The final two spots in the Giants bullpen are a bit more uncertain. Veteran Yusmeiro Petit looked like a lock to hold down the long relief role, but two abysmal outings this spring have left the door ajar.
Petit did a very solid job for the Giants in 2013. He appeared in eight games, starting seven. In 48 innings of work, Petit allowed 46 hits and 11 walks, while striking out 47. He nearly threw a perfect game against the Diamondbacks in a September start.
Petit should still win the job, but if he continues to falter, a pitcher like David Huff, Dan Runzler, George Kontos, Sandy Rosario or Jean Machi have a chance. None of these names is particularly exciting, so the hope is that Petit will right himself and get back on track.
The most intriguing name among the Giants pitchers vying for a roster spot is Derek Law. He pitched at three levels in the minors last year, but the highest level of experience he received was at San Jose, a higher level A-ball team.
Law had a tremendous year in 2013. He started out in Rookie ball, advanced to Low-A with Augusta and finished the season at San Jose. He threw a cumulative total of 66.1 innings, allowed 51 hits and 12 walks, while striking out 102. His ERA of 2.31 and WHIP of 0.950 were also impressive.

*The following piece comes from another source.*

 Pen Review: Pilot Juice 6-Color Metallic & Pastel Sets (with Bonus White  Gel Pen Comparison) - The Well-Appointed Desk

Law opened a lot of eyes with his performance in San Jose, of the California League. This is a very good league, known for offense. In his 25.2 innings, Law struck out 45 batters and walked only one.

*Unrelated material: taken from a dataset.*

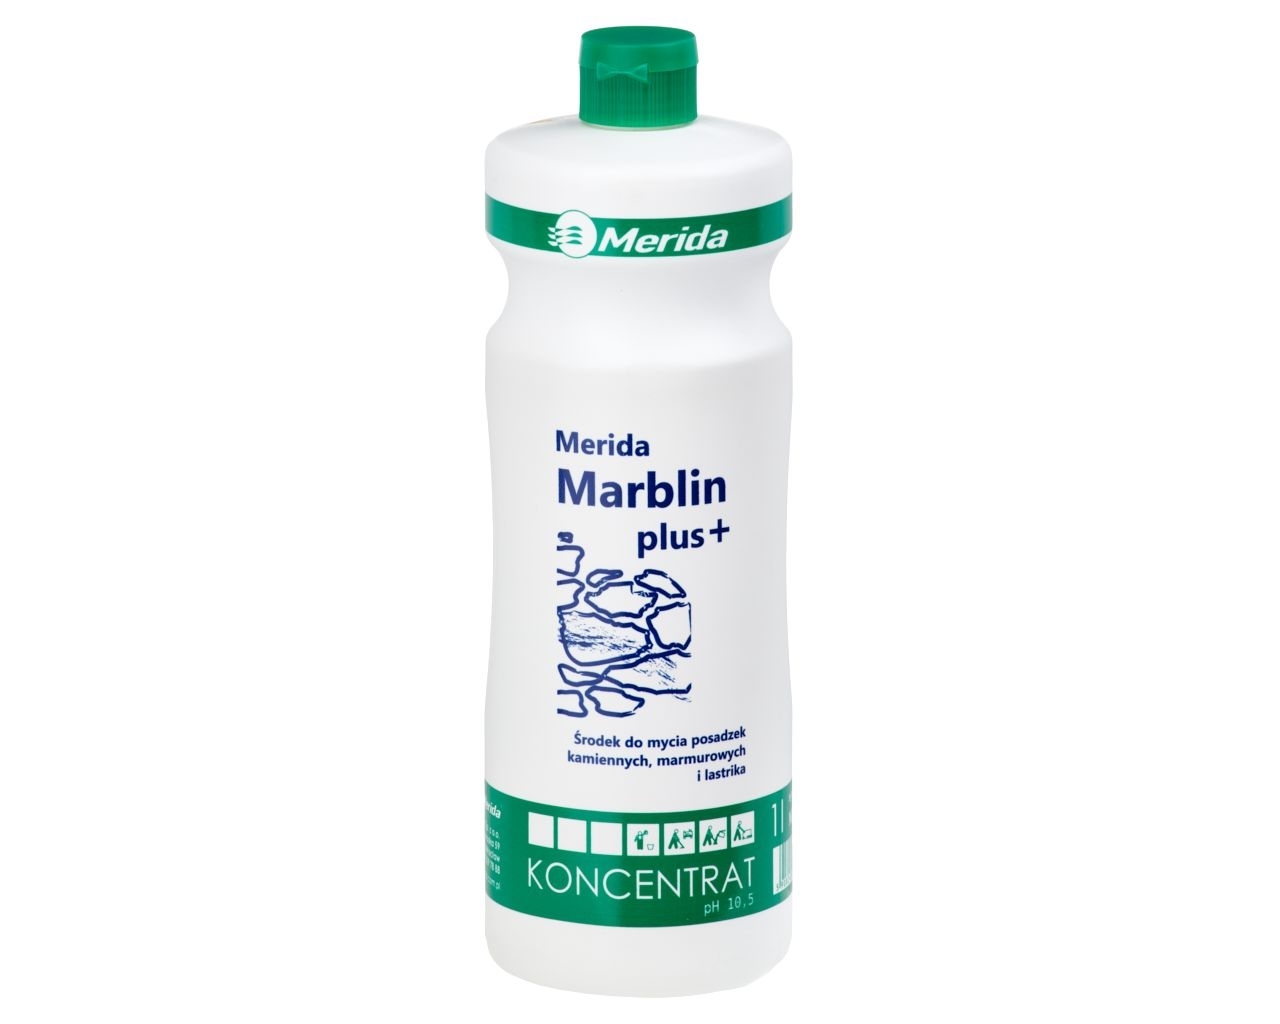 MERIDA MERIDA MARBLIN PLUS+ Środek do mycia podłóg z kamienia naturalnego i sztucznego, butelka 1 l

The Giants' brass gave Law the chance to pitch in the Arizona Fall League, which brings many of the top prospects together to face each other. Law excelled against that top talent here, as well.
Law was the only pitcher in the AFL to throw at least 12 innings and not allow an earned run.
Law has a quirky delivery, similar to Gene Garber or Luis Tiant, where he turns his back completely to the plate, then spins around and fires the ball. With a fastball in the low-to-mid 90s, and a good slider, Law's delivery makes it extremely tough for opposing hitters to pick up the ball.
The command of the strike zone that Law has displayed is rare for a young pitcher. He is not afraid to go right after opposing hitters and keeps his pitches down in the zone.
Although it's asking a lot to move up from A-ball to the majors, if Law continues to pitch like he has been, he will force his way onto the Giants' Opening Day roster.
If Law falters, Jake Dunning or Jean Machi have the best chance of sticking.